[Try it]
Taking the line with "A rider on horseback" as the first and the line with "live happilly White" as the last, set down exactly every line in that range from the entries below, and no more.

[Data supplied]
____________

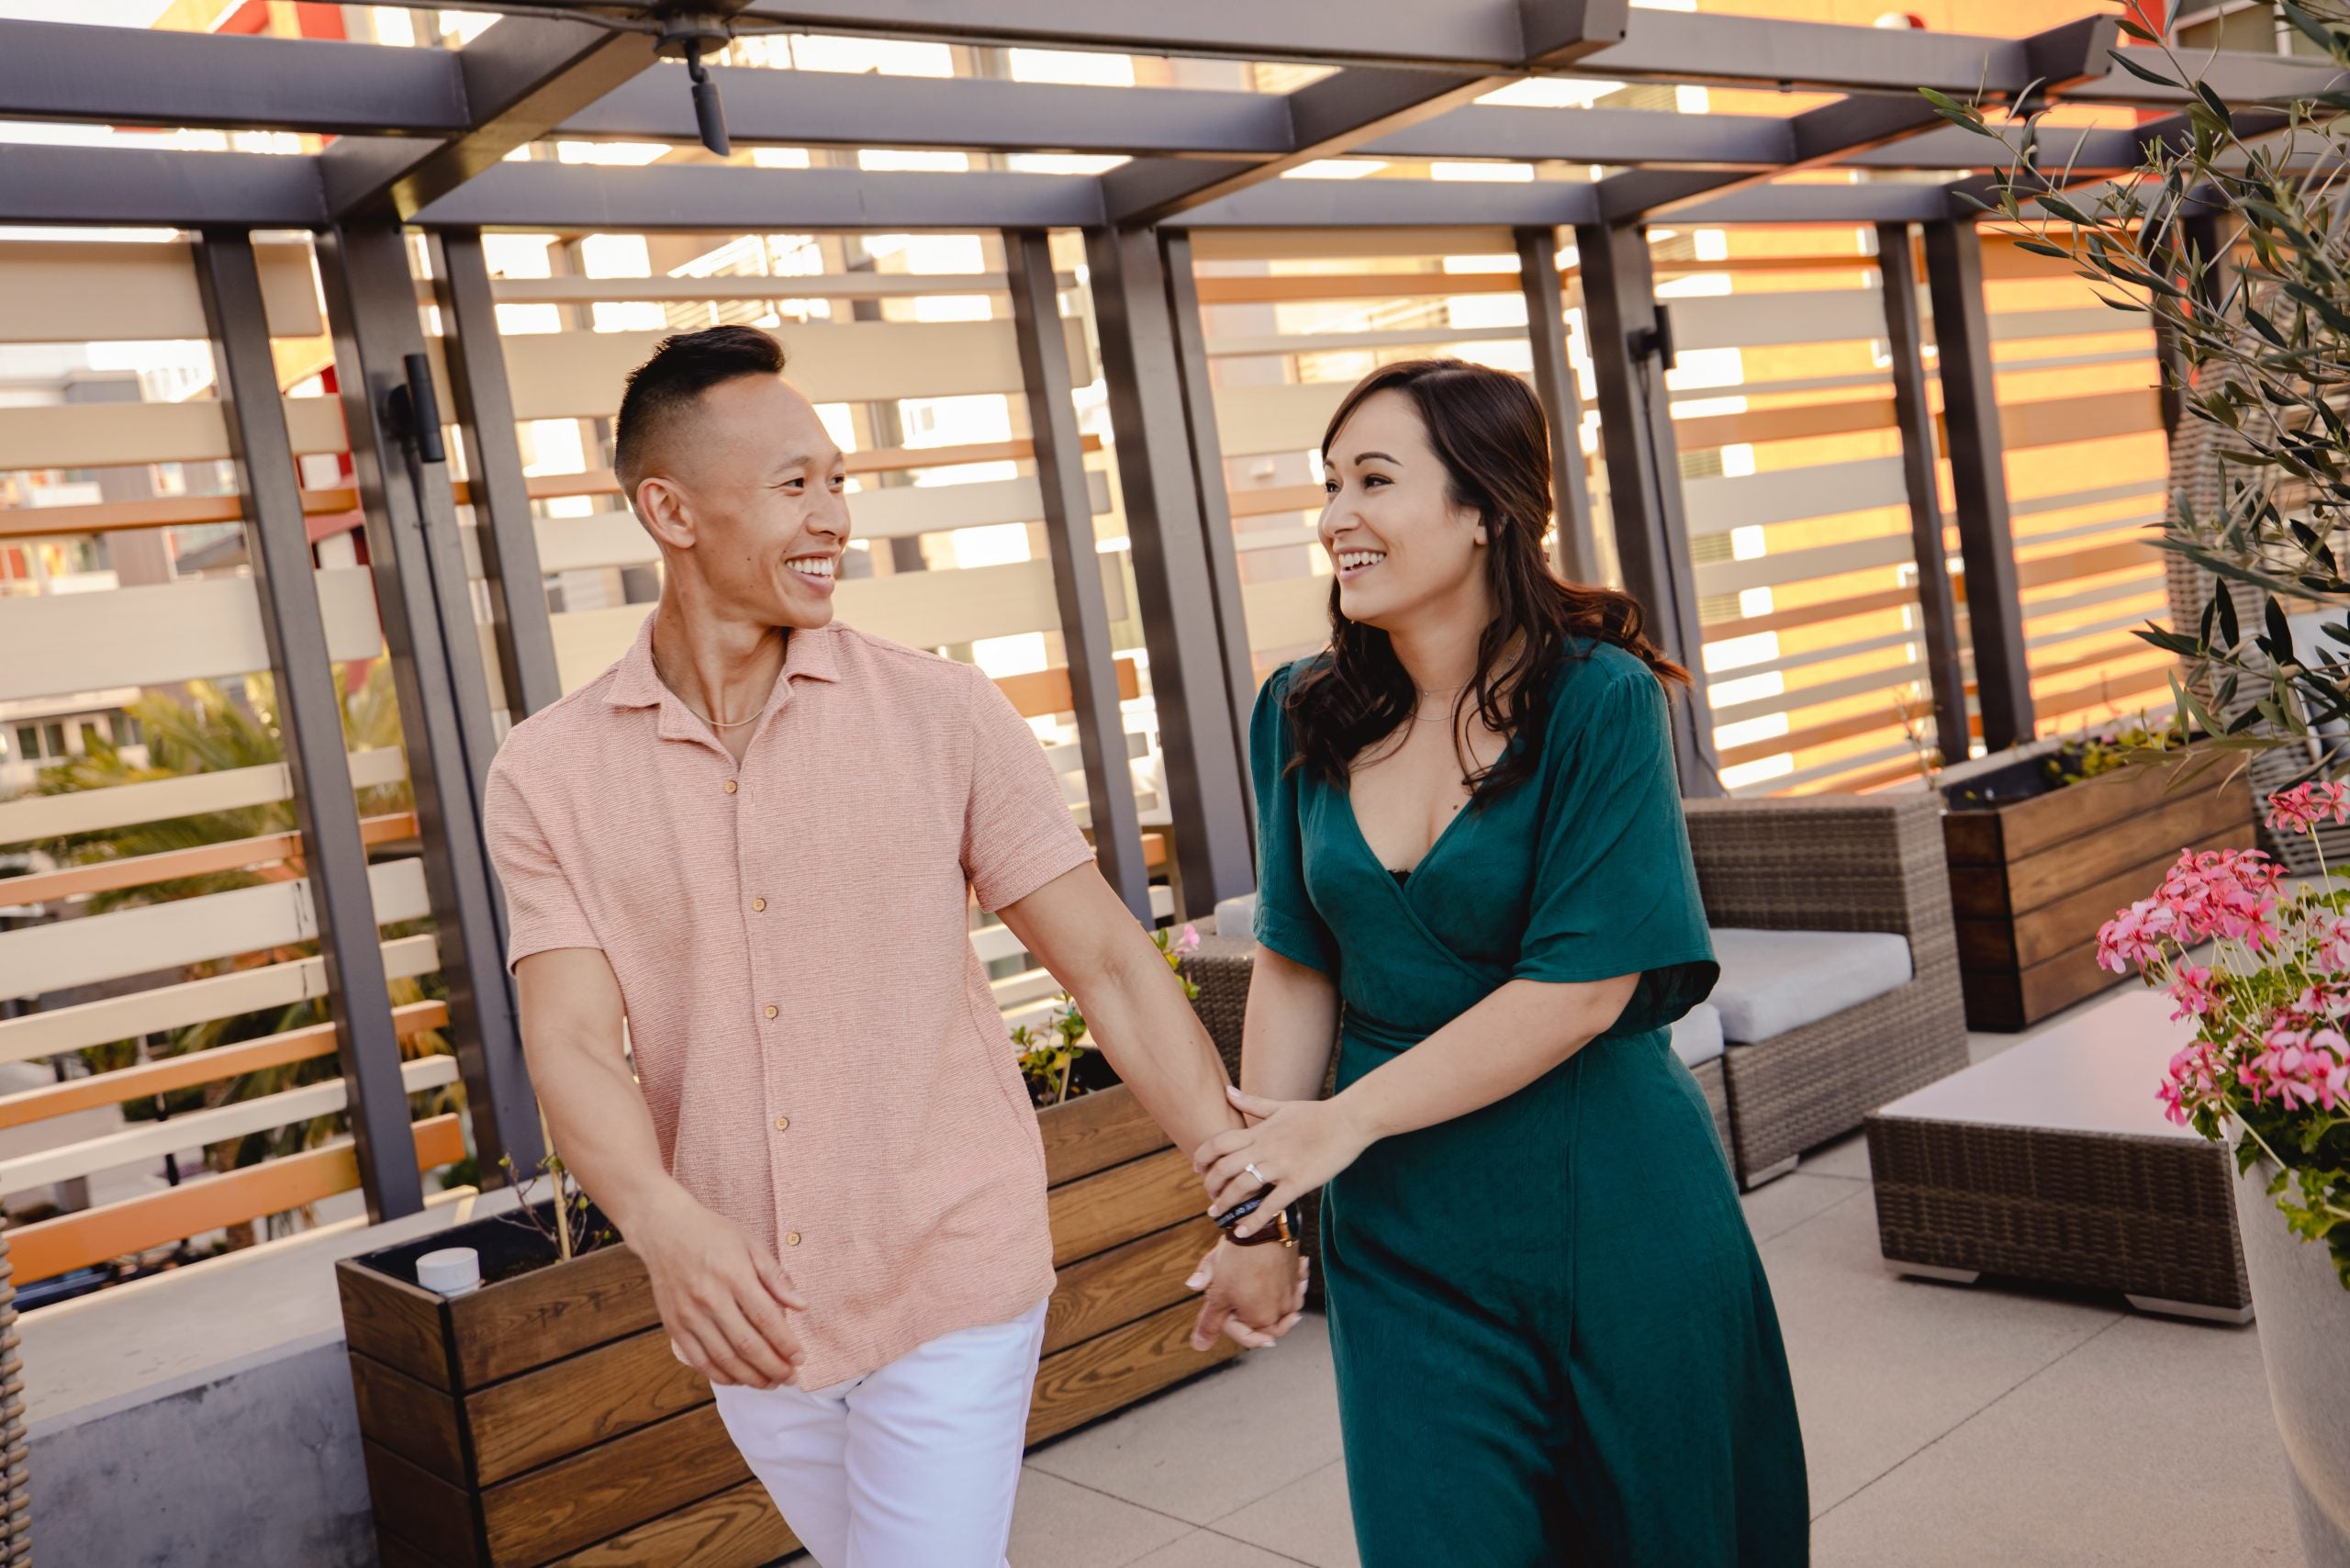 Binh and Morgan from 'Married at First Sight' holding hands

____________

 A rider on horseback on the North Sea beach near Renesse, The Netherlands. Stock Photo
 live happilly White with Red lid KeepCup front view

____________

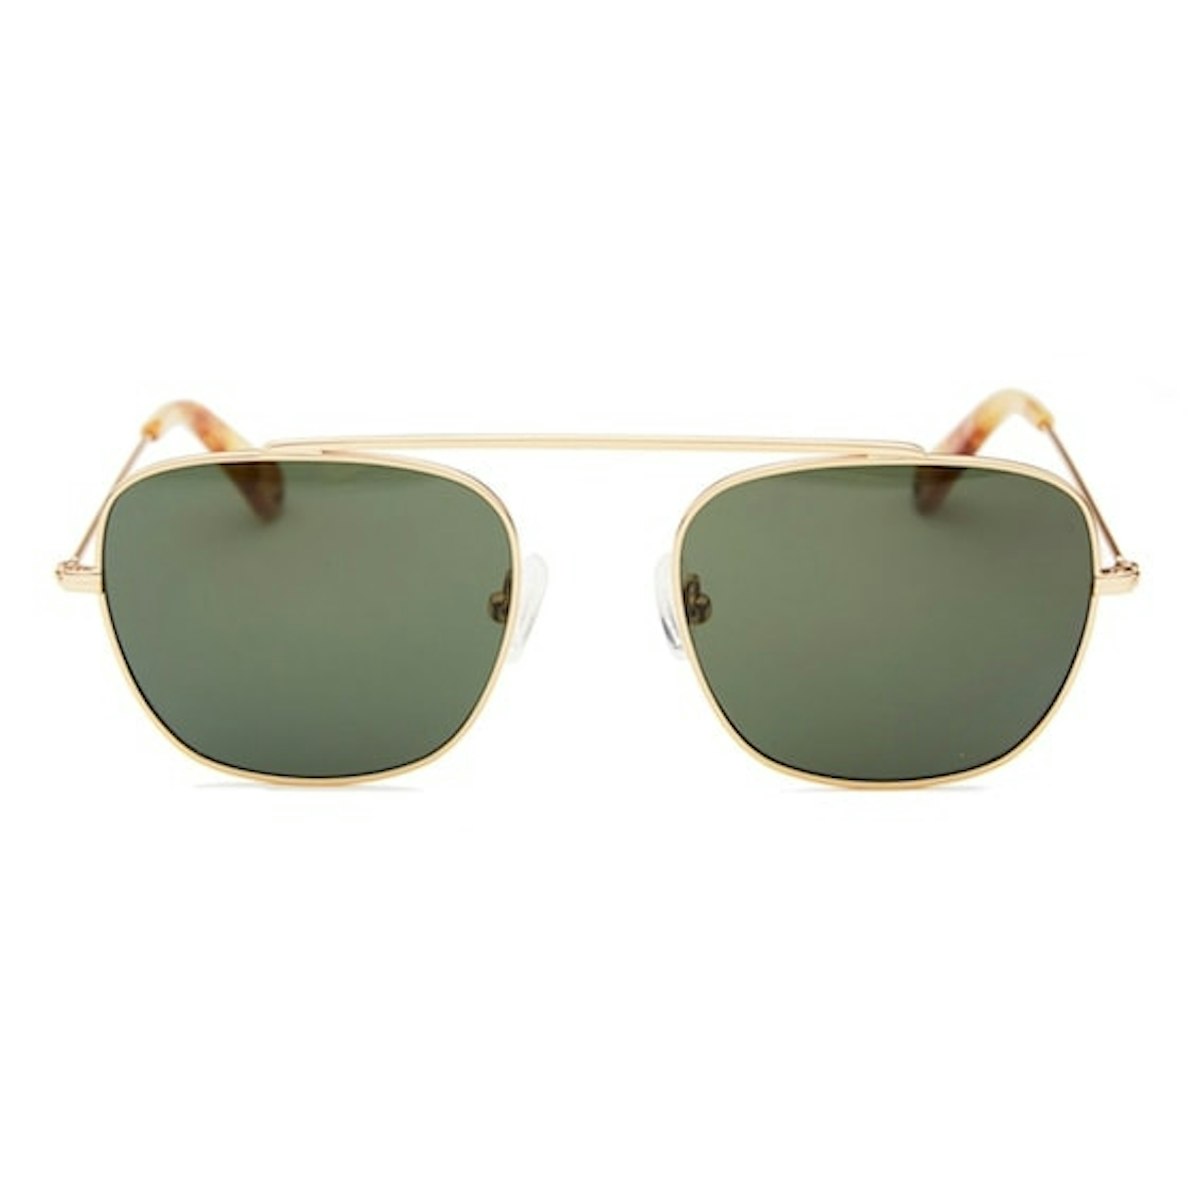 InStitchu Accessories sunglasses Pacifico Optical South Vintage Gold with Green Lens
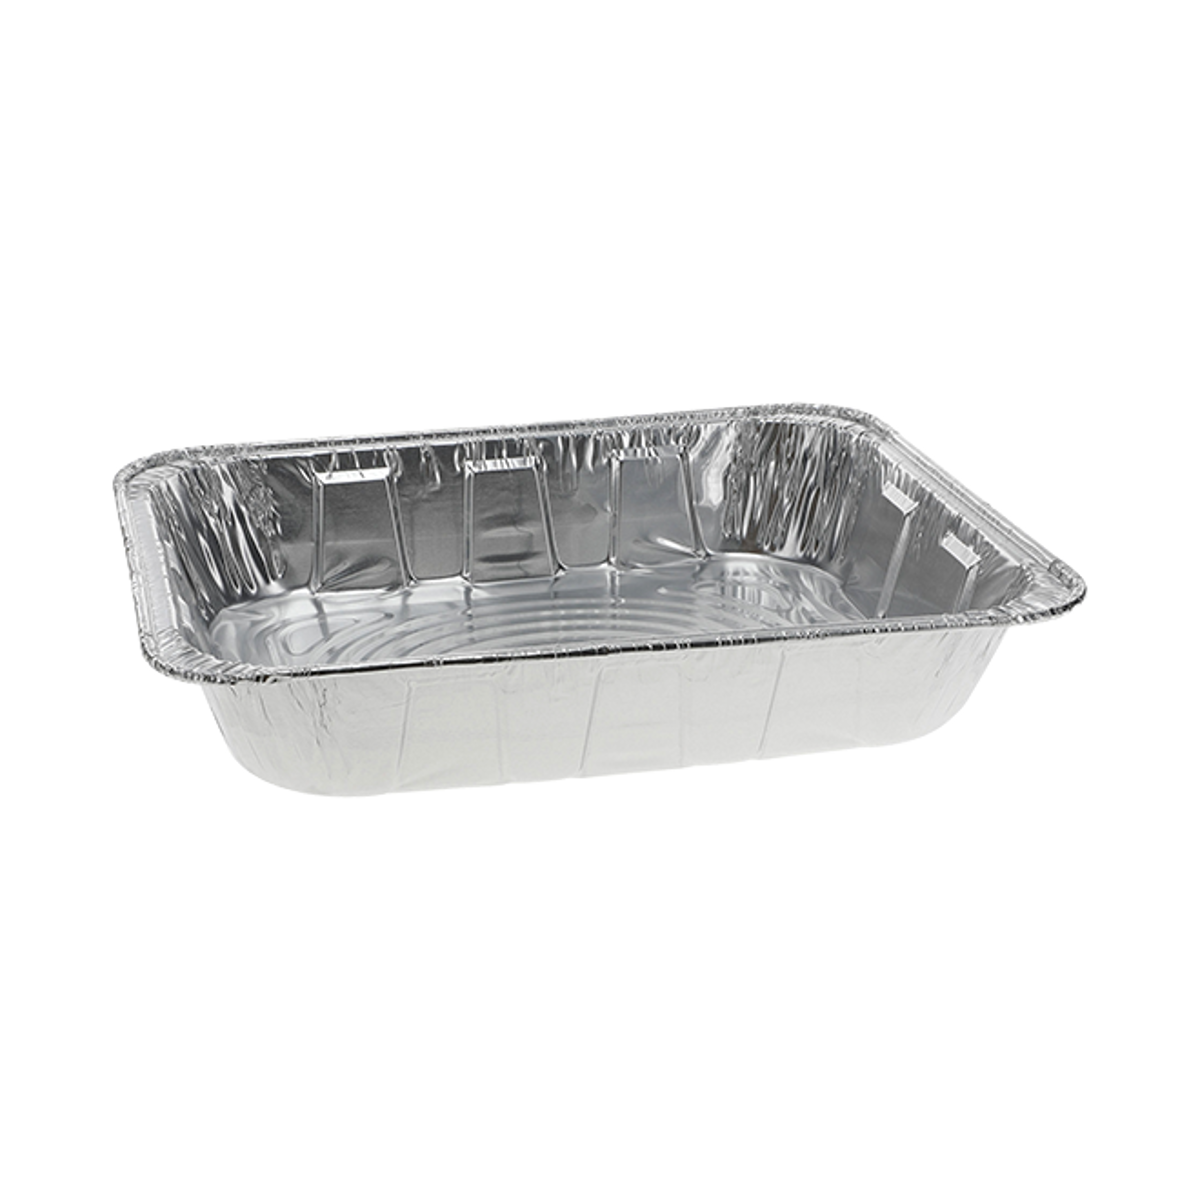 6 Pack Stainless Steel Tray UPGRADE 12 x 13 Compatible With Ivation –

____________

[Task solution]
 A rider on horseback on the North Sea beach near Renesse, The Netherlands. Stock Photo
 live happilly White with Red lid KeepCup front view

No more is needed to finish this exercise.